Le Regioni del Nord dominano la classifica nazionale per la produzione di energia alternativa. L’Isola pur aumentando la potenza installata pare non riesca a “tenere il passo”

Tags: Fotovoltaico



PALERMO – Il fotovoltaico continua a volare nonostante la crisi. Nel 2008 l’energia rinnovabile ha fatto registrare un aumento pari all’80% nel mondo intero, mentre in Europa la produzione di moduli solari è passata da una potenza di 1,1 Giga Watt a 1,9 Giga Watt. Questi dati sono contenuti nell’ottavo rapporto Annuale sullo stato del fotovoltaico della Commissione Europea, pubblicato dall’istituto per l’Energia del Joint Research Centre, una Direzione Generale della Commissione che ha il delicato ruolo di occuparsi di ricerche scientifiche al fine di supportare le scelte politiche dell’Unione.
In Europa viaggia davvero forte la Spagna che ha contribuito a triplicare la potenza installata nel vecchio continente, passata a 4,8 GW, con una crescita del 50% per ogni anno a partire dal 1999 ed attualmente occupa una fetta dello 0,35% dei consumi europei.

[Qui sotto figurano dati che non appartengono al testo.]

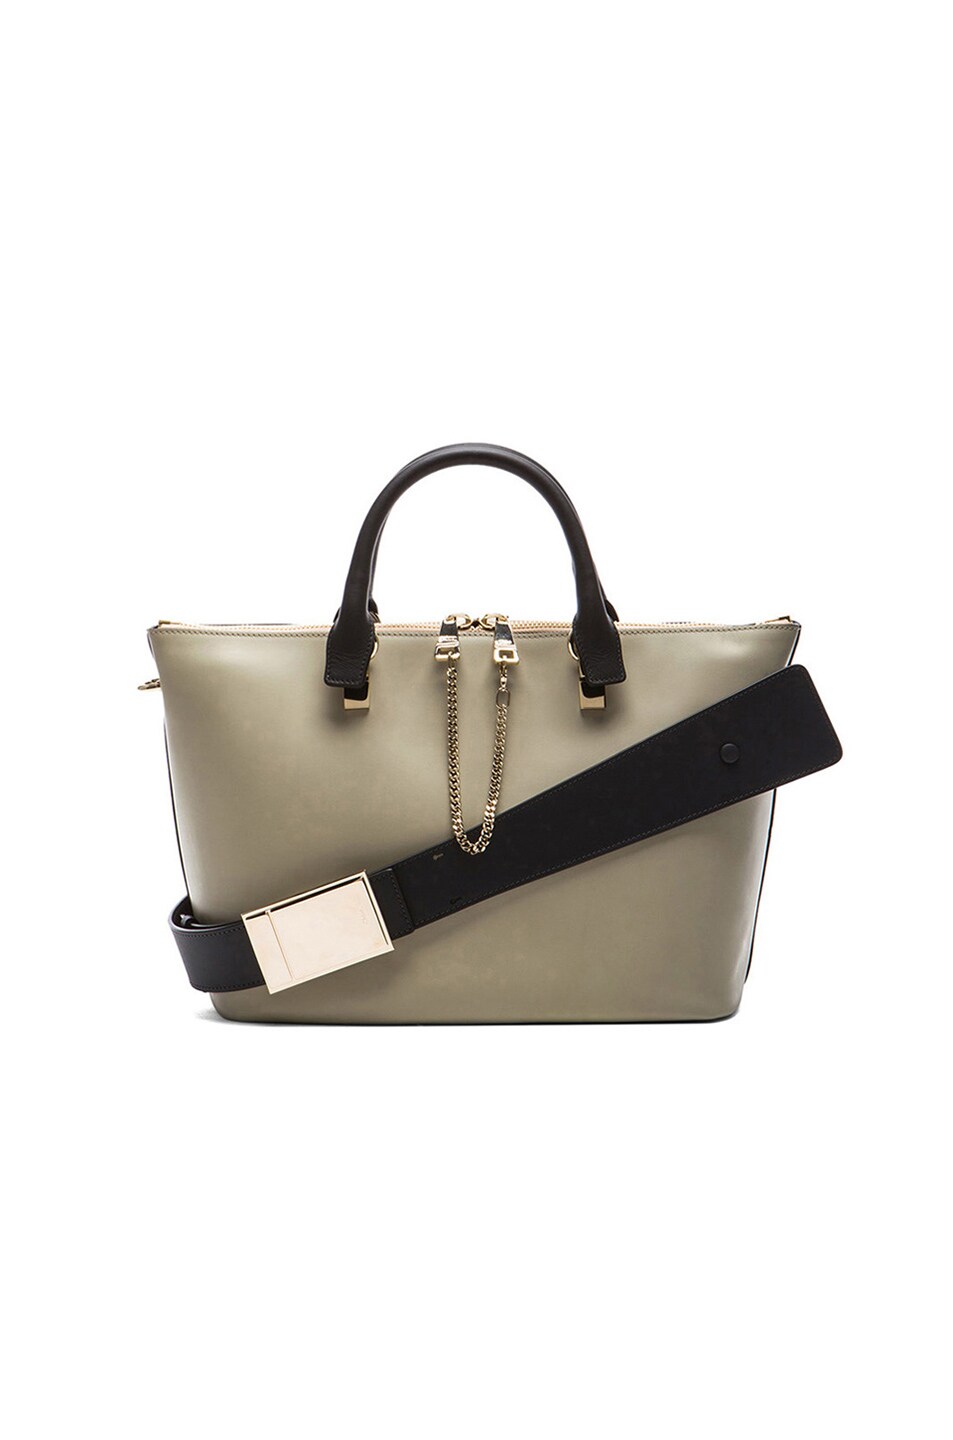 Chloe Medium Baylee Handbag in Marshmallow Grey \u0026amp; Black | FWRD

Ancora molto da fare per promuovere maggiormente gli investimenti nei confronti di questa energia rinnovabile, che, dicono gli esperti, ha un carattere meno invasivo e speculativo dell’eolico. Intanto l’estremo oriente continua a crescere e divenire la zona leader per la potenza installata di energia da fotovoltaico, realtà testimoniata dalla Cina, 2.4 GW e paese leader nel mondo, Giappone, 1.2 GW, e Taiwan, 0.8 GW. Una nota della Commissione Europea conferma che se questa progressione dovesse essere confermata anche negli anni successivi nel 2012 la Cina raggiungerà il 32% della capacità produttiva mondiale. Intanto anche la crisi, seppur in maniera lieve, ha colpito il settore, visto che si è registrata una contrazione degli investimenti: -10% nel terzo trimestre 2008, -23% nel quarto,  -47% rispetto al quarto dell’anno prima. Inversione di tendenza, invece, nel secondo trimestre del 2009 con una crescita dell’83% rispetto i primi tre mesi di quest’anno. In questa grande corsa verso il sole, la Sicilia, pur aumentando la potenza installata, non riesce a stare dietro le prime della classe.
 
Secondo una elaborazione dei dati APER l’incremento percentuale installato dall’1/03/2008 al 7/01/2009 in Sicilia è stato pari al 153%, dato soddisfacente ma inferiore al 192% della Liguria, al 278% della Puglia, al 305% del Lazio, al 259% della Lombardia e al 213% del Piemonte.
La Sicilia inoltre possiede 2023 impianti, potenza installata pari a 21.529 chilowatt, 4,2% della quota nazionale, ma ancora indietro regioni “ombrose” come la Lombardia, 6245 impianti e 58.365 chilowatt installati, che tradotti fanno l’11,5% del totale. Il Sud nel complesso pare si stia mettendo al passo, ma, escludendo la Puglia che viaggia tra le prime posizioni d’Italia, c’è ancora molto da lavorare.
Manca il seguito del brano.